» **GOAL OF THE EXERCISE**
Here, set down only the lines between the line that contains "Histoire Vaugines site aep_Page_1" and the final line of the material, both included, exactly as written. Skip the pictures.

» **SOURCE DATA**
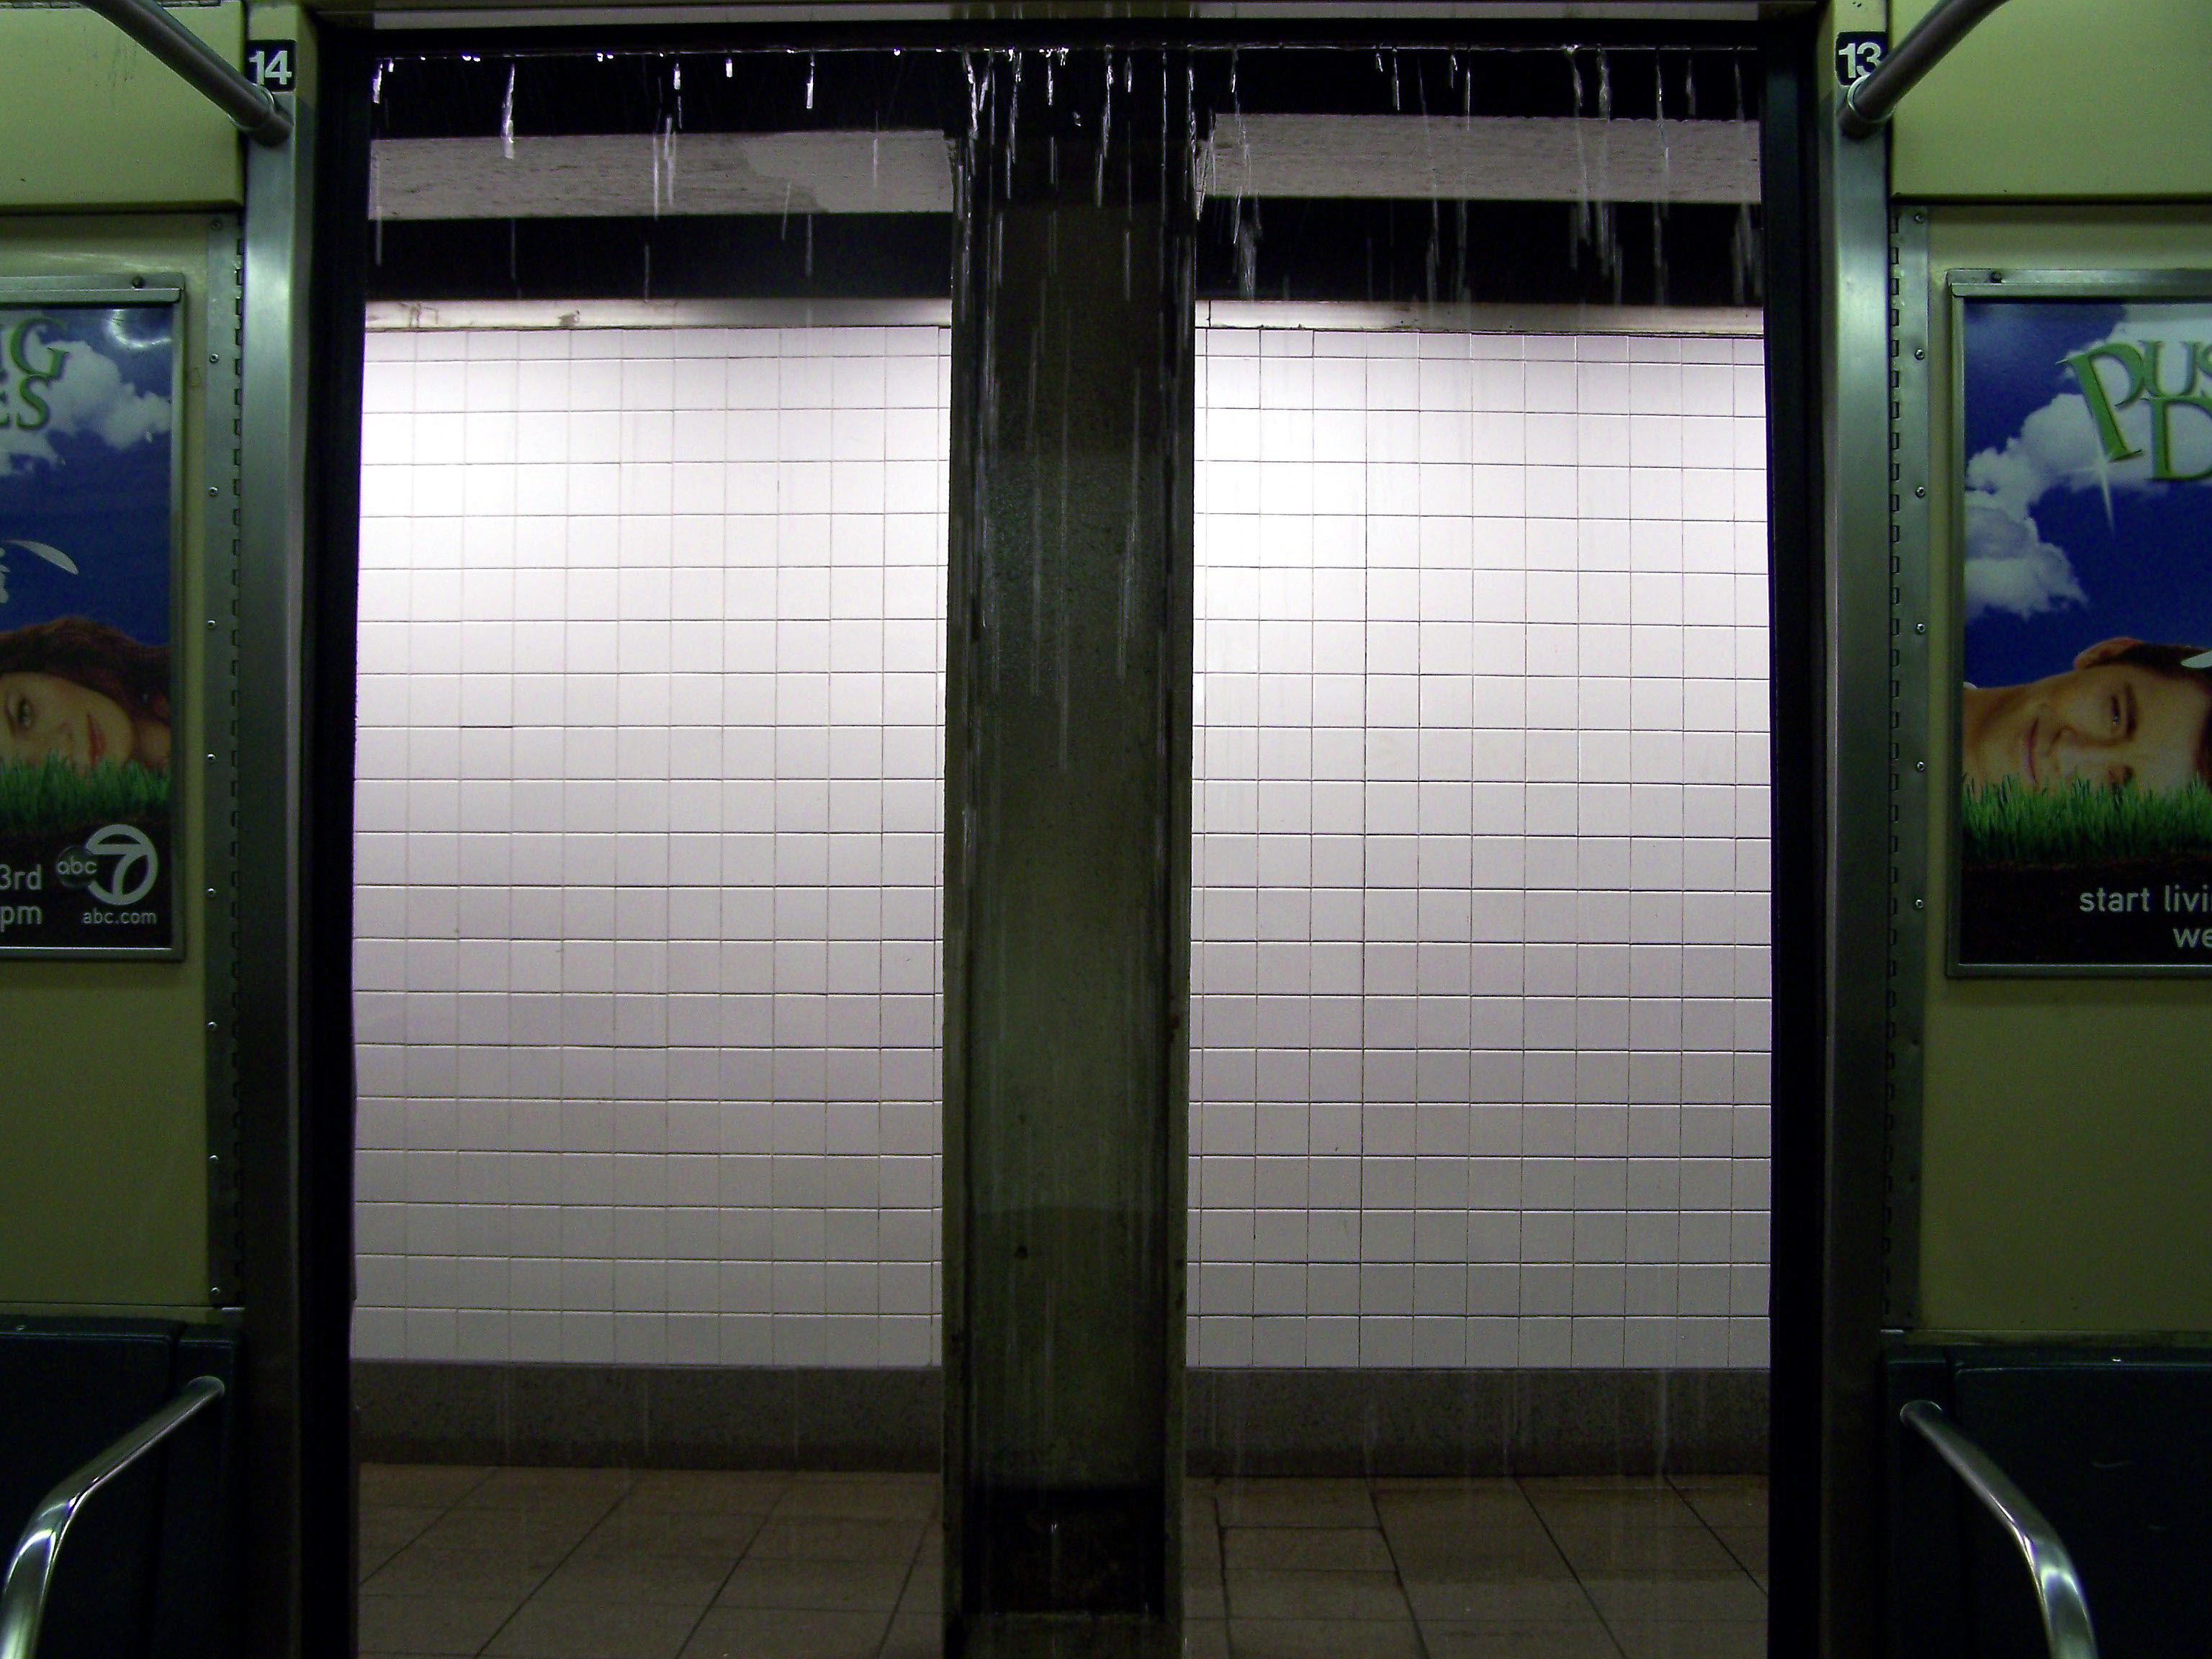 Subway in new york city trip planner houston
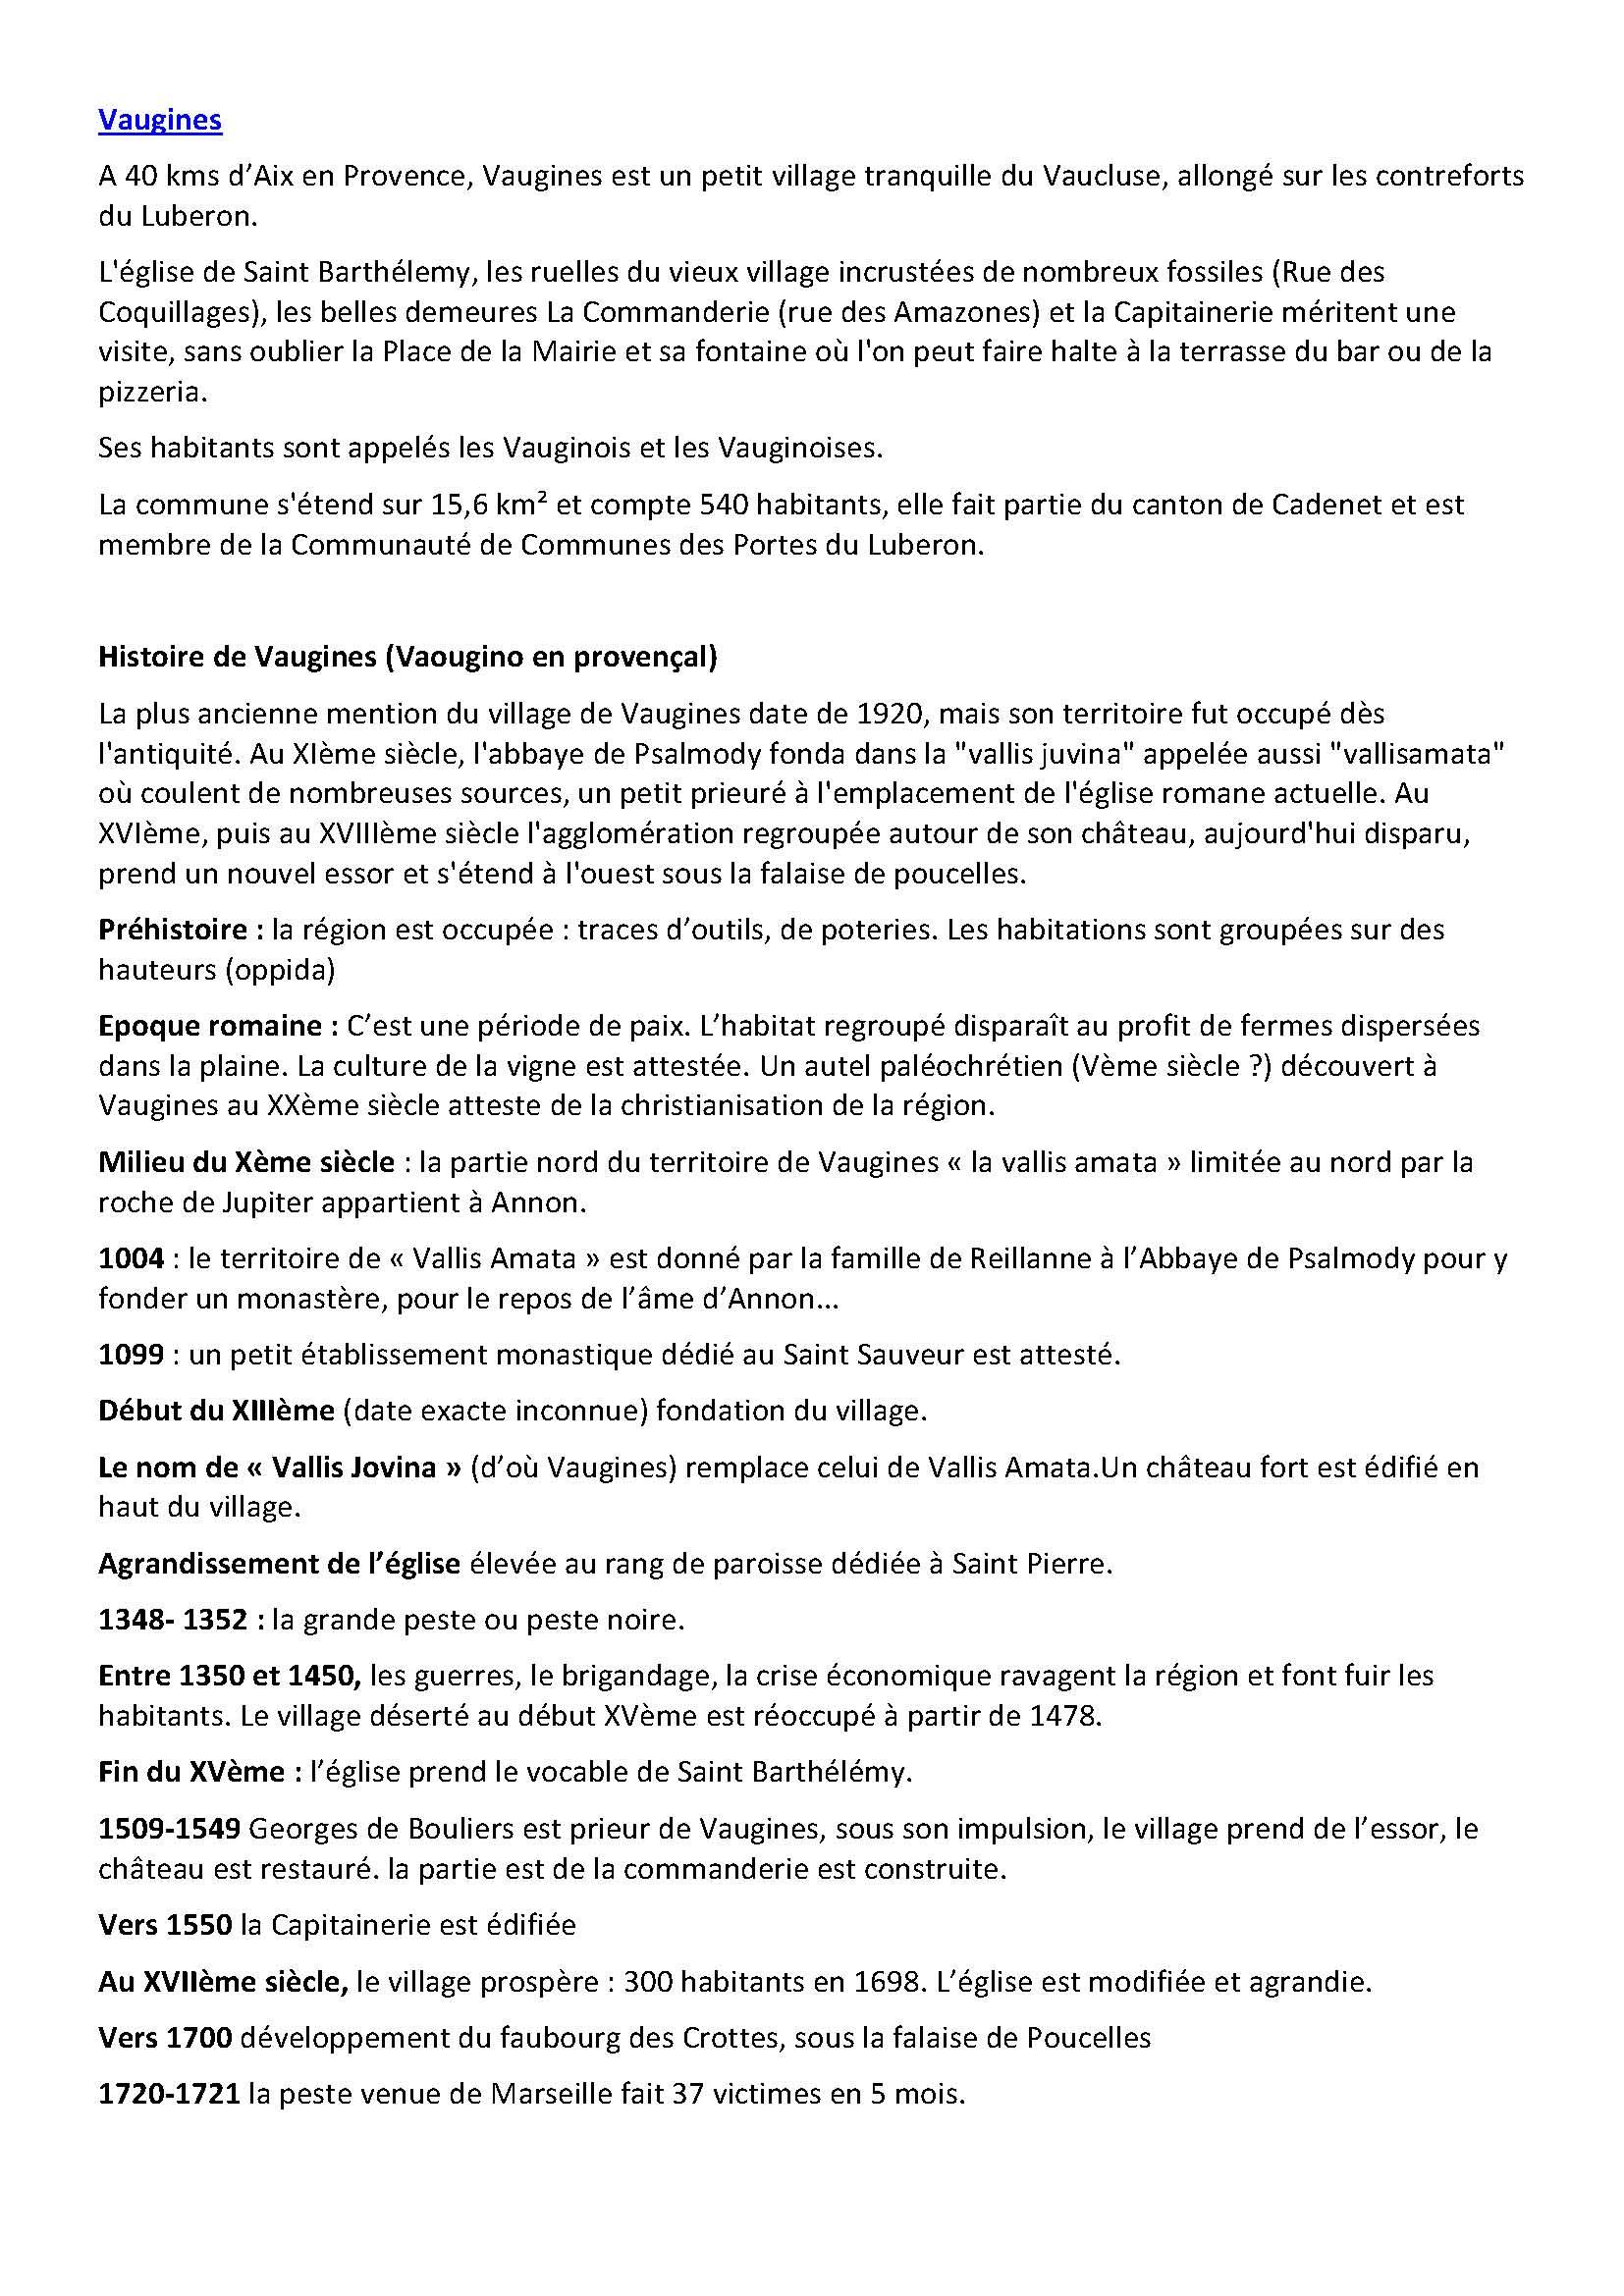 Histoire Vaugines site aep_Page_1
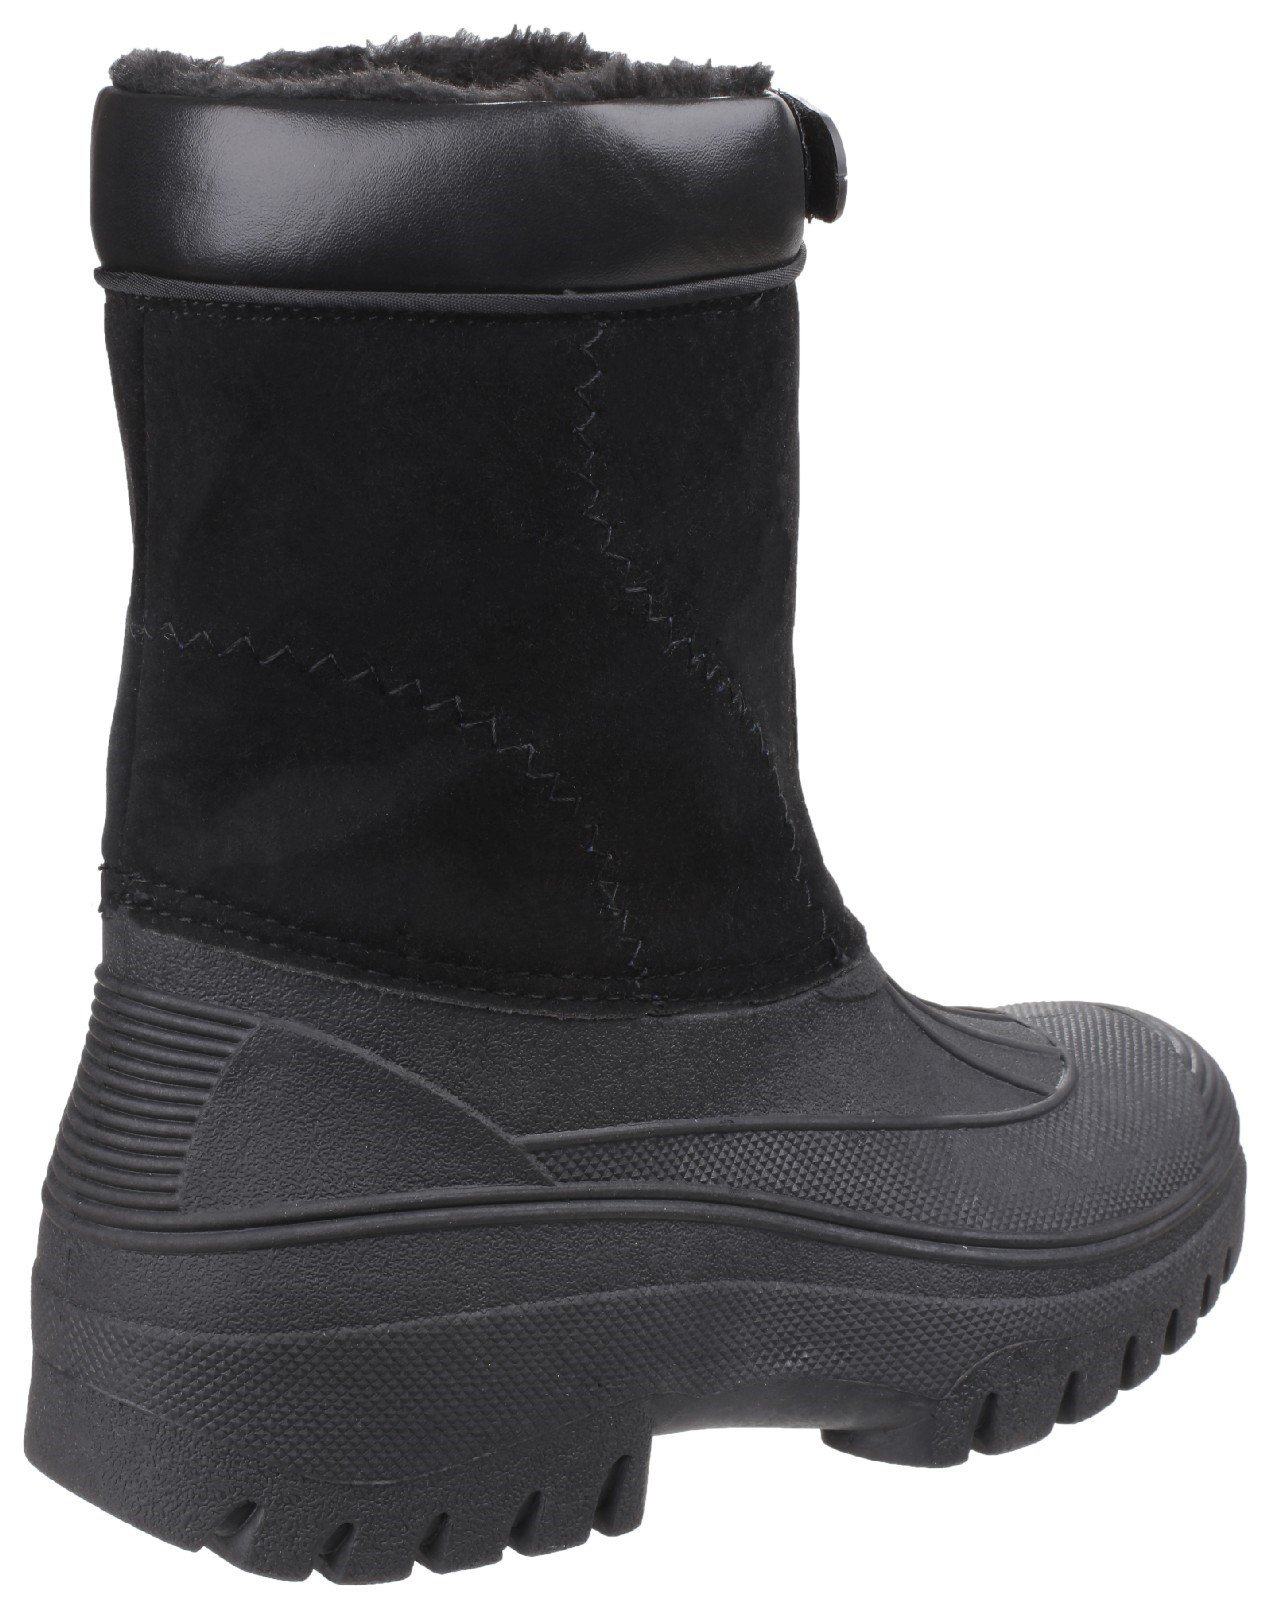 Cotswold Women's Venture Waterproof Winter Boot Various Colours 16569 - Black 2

» **SOLVED PROBLEM**
 Histoire Vaugines site aep_Page_1
 Cotswold Women's Venture Waterproof Winter Boot Various Colours 16569 - Black 2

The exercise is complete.